Most snakes have six rows of recurved solid teeth, arranged on the dentary bones of the lower jaw, and both the maxilla (outer) and pterygoid-palatine (inner) bones of the upper jaw. A few snakes lack teeth from some bones — for example, the blindsnakes (Typhlopidae) lack teeth from the dentary bones, the threadsnakes (Leptotyphlopidae) lack teeth from the maxillae, and African egg-eating snakes (Dasypeltis) possess only a few teeth on the rear of the dentary and maxilla. The homologous nature of solid, ungrooved snake teeth makes it easy to distinguish snake fossils from those of lizards, which exhibit greater diversity of tooth type and shape.

SENSE ORGANS

Snakes are highly sensory animals whose sense organs differ from those of mammals. They lack an external ear or a tympanum, but they do possess a highly developed inner ear, with which they detect vibrations picked up by the columella bone, attached to the quadrate bone of the jaw. Snakes are not technically deaf; they just hear in a different way to other terrestrial vertebrates.

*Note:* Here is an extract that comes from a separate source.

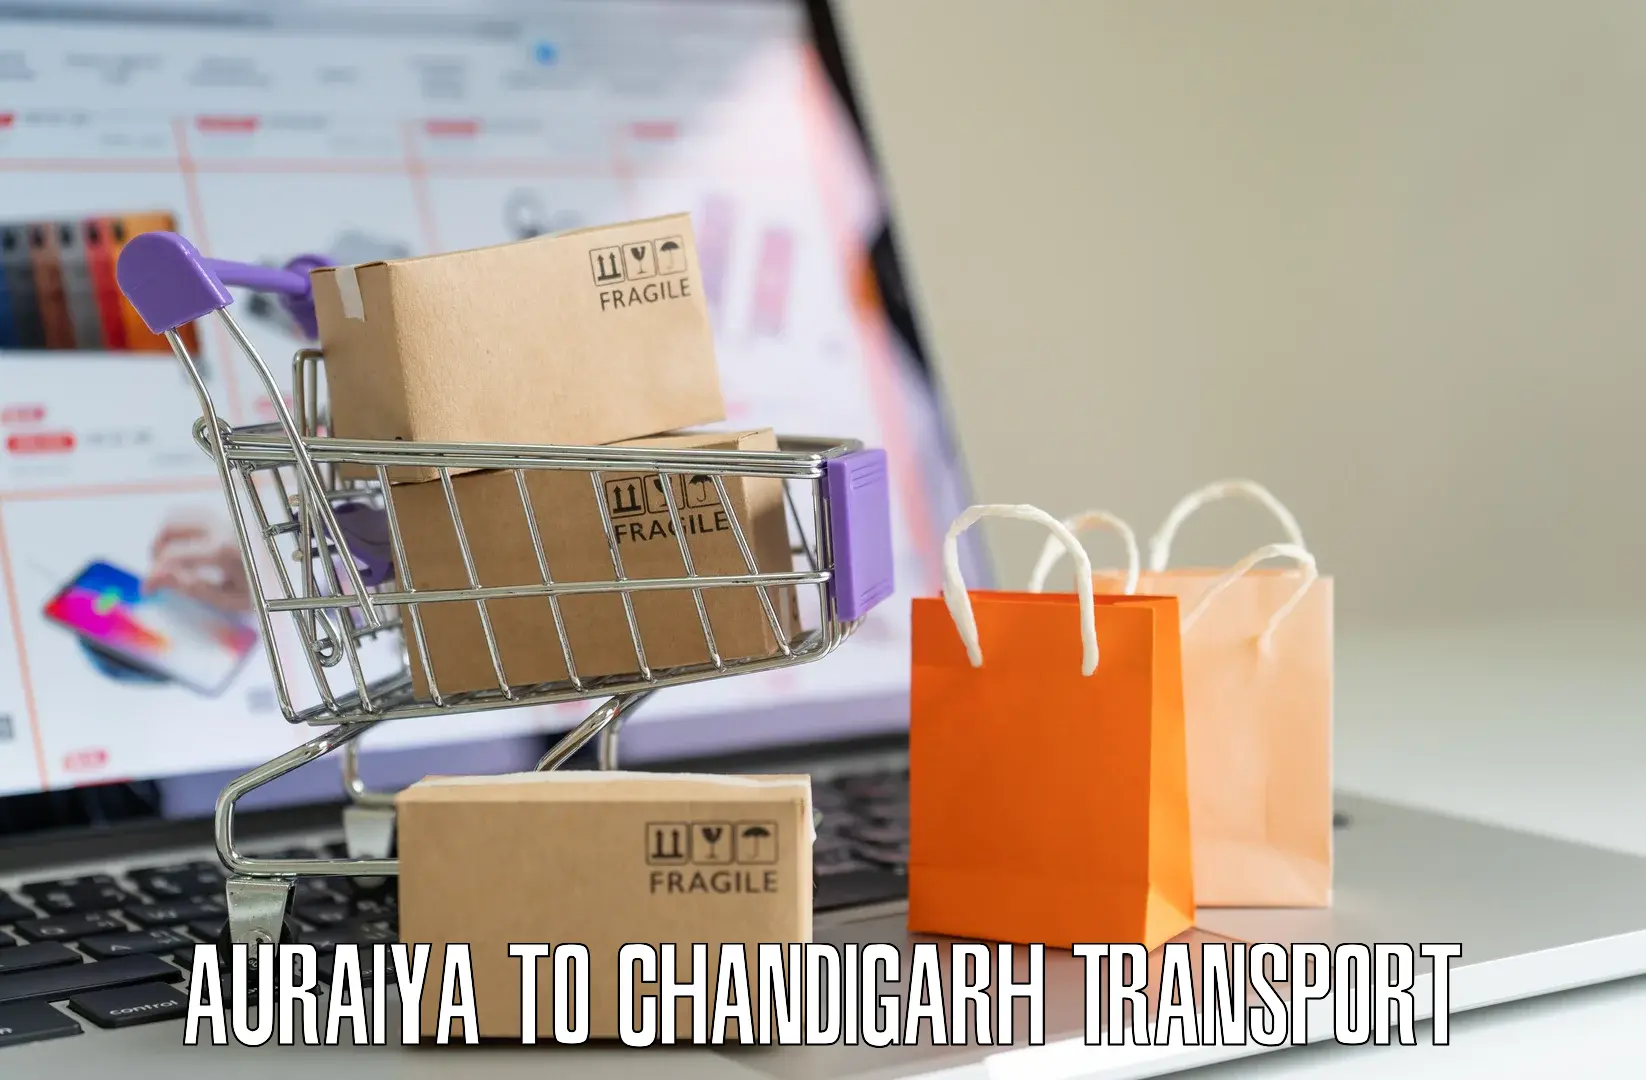 Online transport service in Auraiya to Chandigarh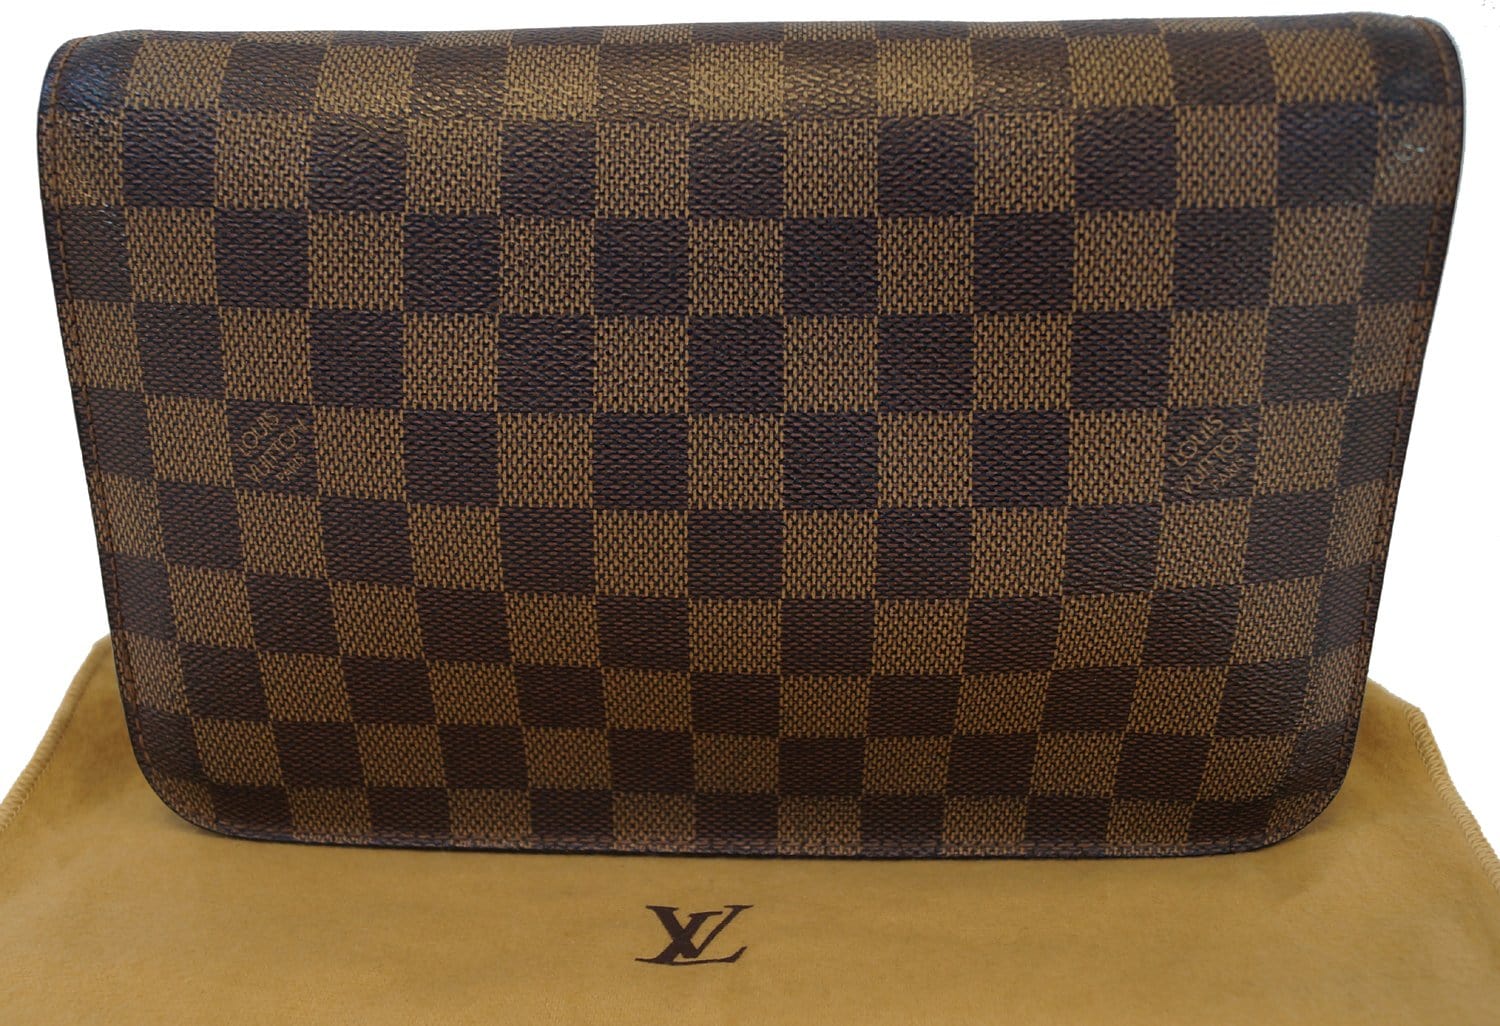 Authentic Louis Vuitton Saint Louis Damier Ebene Leather Clutch

The snake's eyesight is also misunderstood. The retina of a vertebrate eye contains visual cells: rods, for night vision; and cones, for color vision and visual acuity. Fossorial blindsnakes may have eyes that are little more than photo-sensitive cells, warning them when they are exposed to daylight, but other snakes possess more elaborate vision. The pupils of diurnal snakes are round, whereas those of nocturnal or crepuscular snakes are vertically elliptical, or "catlike," providing the eye with more control over how much light reaches the retina. Many diurnal snakes also have dichromatic or trichromatic color vision.

The laterally positioned eyes of a snake provide it with 100–160-degree vision, but probably the best vision of any snake is that of the diurnal Asian treesnakes (Ahaetulla), which have horizontal keyhole-like pupils and a grooved snout, down which they can sight up their prey. This arrangement provides a 45-degree overlap in forward vision from both eyes, effectively providing binocular vision. These treesnakes also have a highly sensitive fovea centralis, a cone-heavy depression in the retina, enabling them to detect the slightest movements of a camouflaged lizard in the vegetation, and accurately judge distance to target.

In those species that spend their time underwater or buried in the sand, the eyes are often located in a more dorsolateral position, permitting vision without exposing the head. The Namib Sidewinding Adder (Bitis peringueyi) is one such sand-dweller with dorsally positioned eyes.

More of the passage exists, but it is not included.